Systemic steroids up hypoglycaemia risk in internal medicine units
Treatment with systemic steroids may increase the likelihood of developing hypoglycaemia during hospitalization, a recent study has found.
The study included 45,272 patients (mean age, 67.5±19.2 years; 49.4 percent male) who were receiving in-hospital care at internal medicine units. Those who were critically ill were ineligible. The study outcome was the occurrence of at least one episode of hypoglycaemia, defined as a glucose level <70 mg/dL, regardless of symptoms or mode of measurement.
Overall, 3,415 patients were deemed to be hypoglycaemic, yielding an overall rate of 7.5 percent. Incident hypoglycaemia occurred more commonly among patients with diabetes mellitus (14.3 percent vs 4.9 percent; p<0.001).
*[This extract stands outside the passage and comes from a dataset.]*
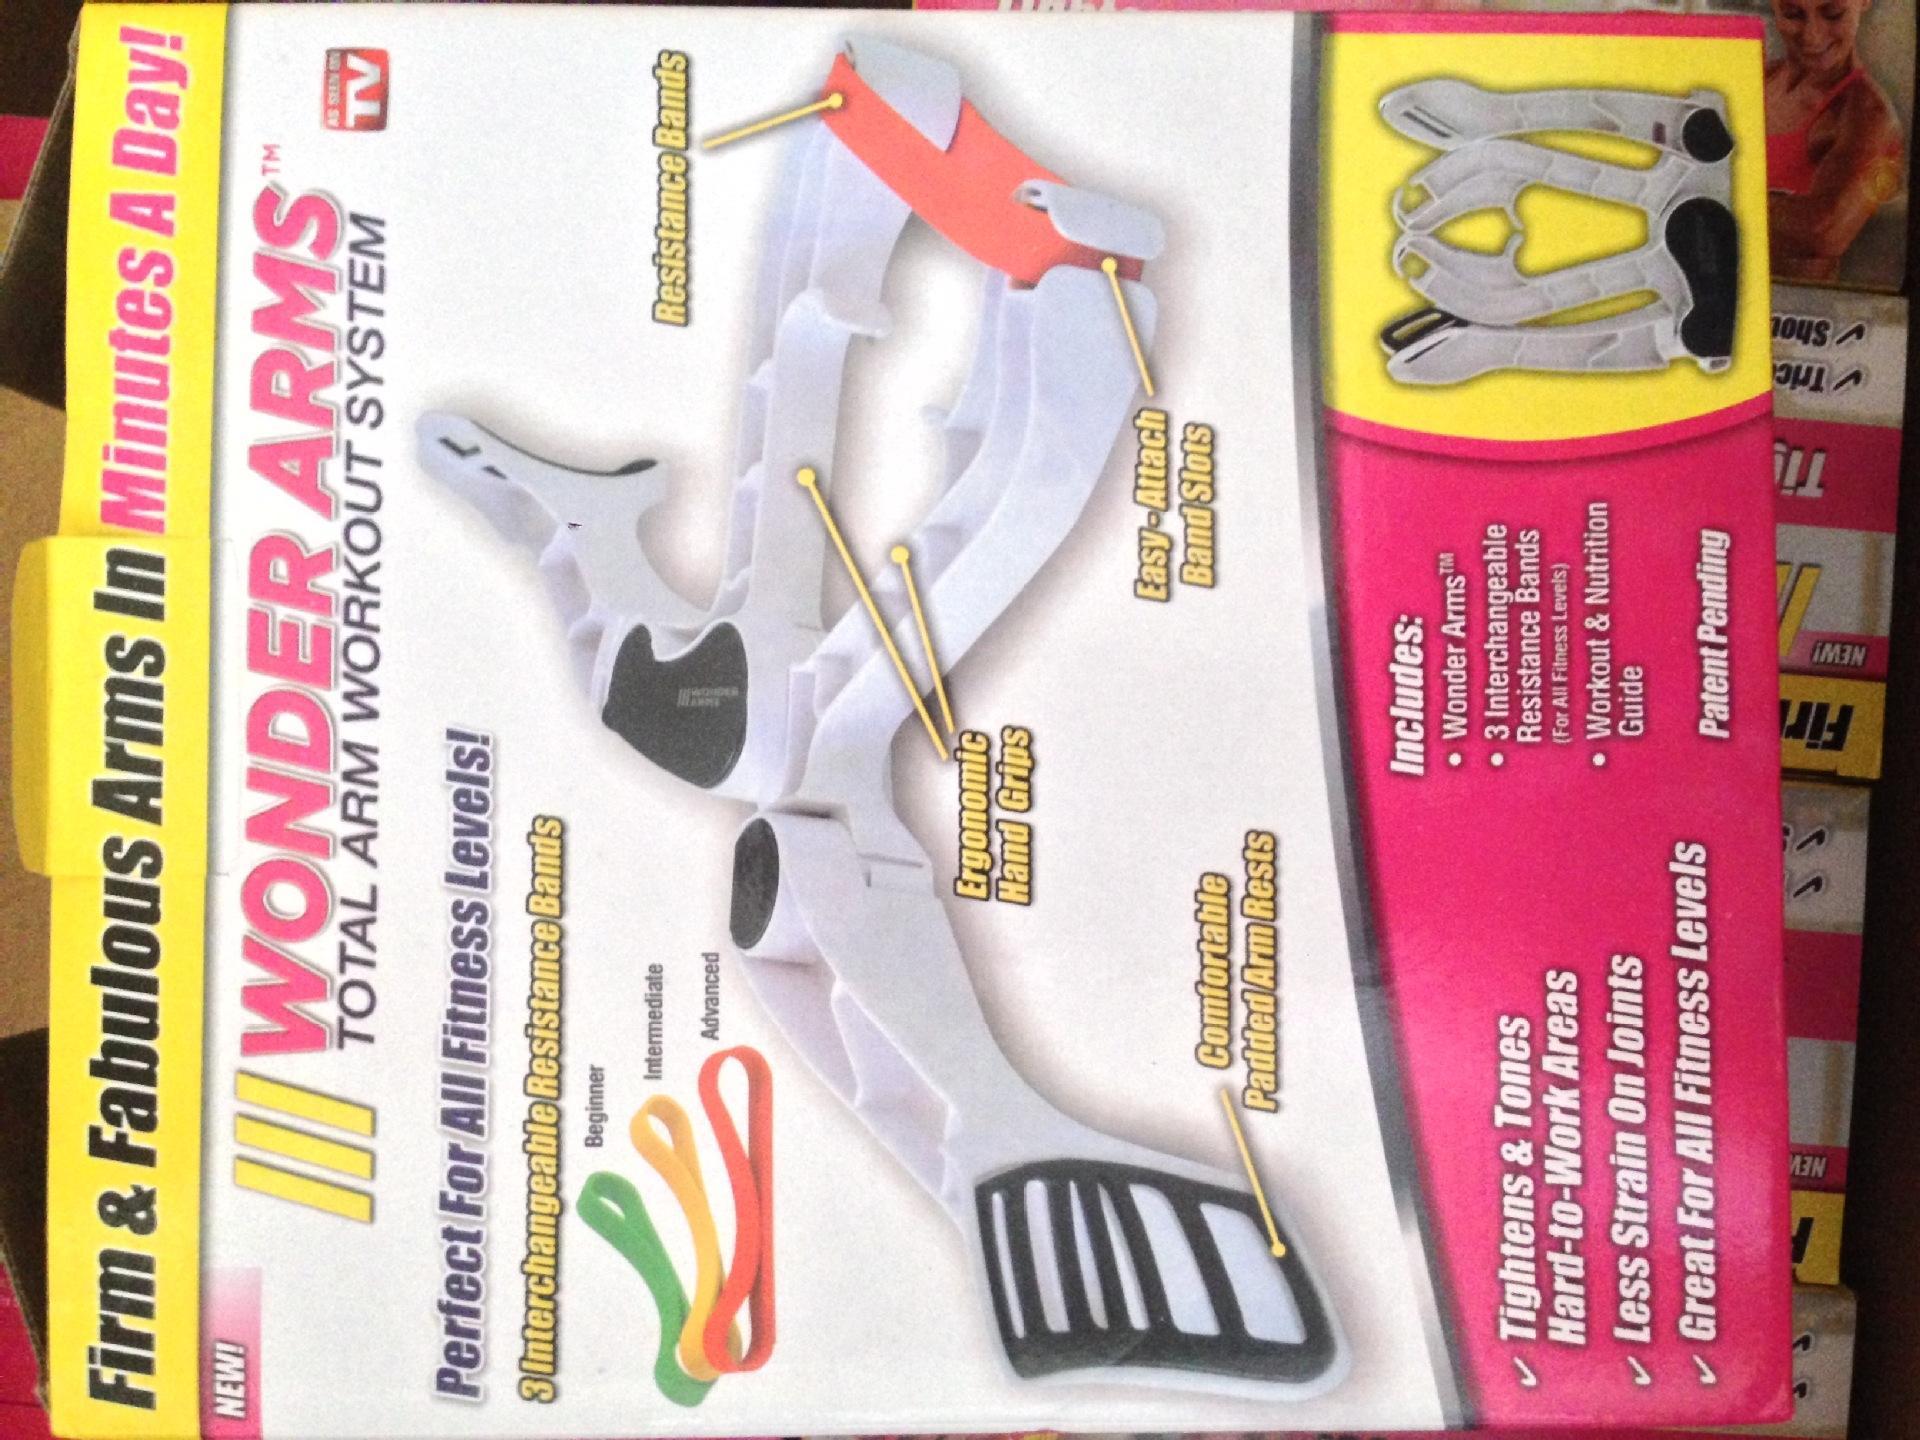 ЧУДО Новых ARMS силовых тренажеров Фитнес оборудование Натяжения оборудование рука устройство мускул прессовое устройство fwRDt

Patients who were treated with systemic steroids saw significantly greater rates of incident hypoglycaemia, as compared to other patients who had not been given steroids, or those who were taking inhaled or topical steroids. This trend remained true regardless of the presence of diabetes mellitus.
Those who developed hypoglycaemia tended to be older and have lower serum albumin levels upon admission. These patients also more commonly showed evidence of liver damage, as well as elevated levels of creatinine.
Multivariate analysis generally confirmed these interactions. In particular, it showed that those who had been given systemic steroids were significantly more likely to develop hypoglycaemia than those who were not on any steroid medication (odds ratio, 1.513, 95 percent confidence interval, 1.311–1.746; p<0.001).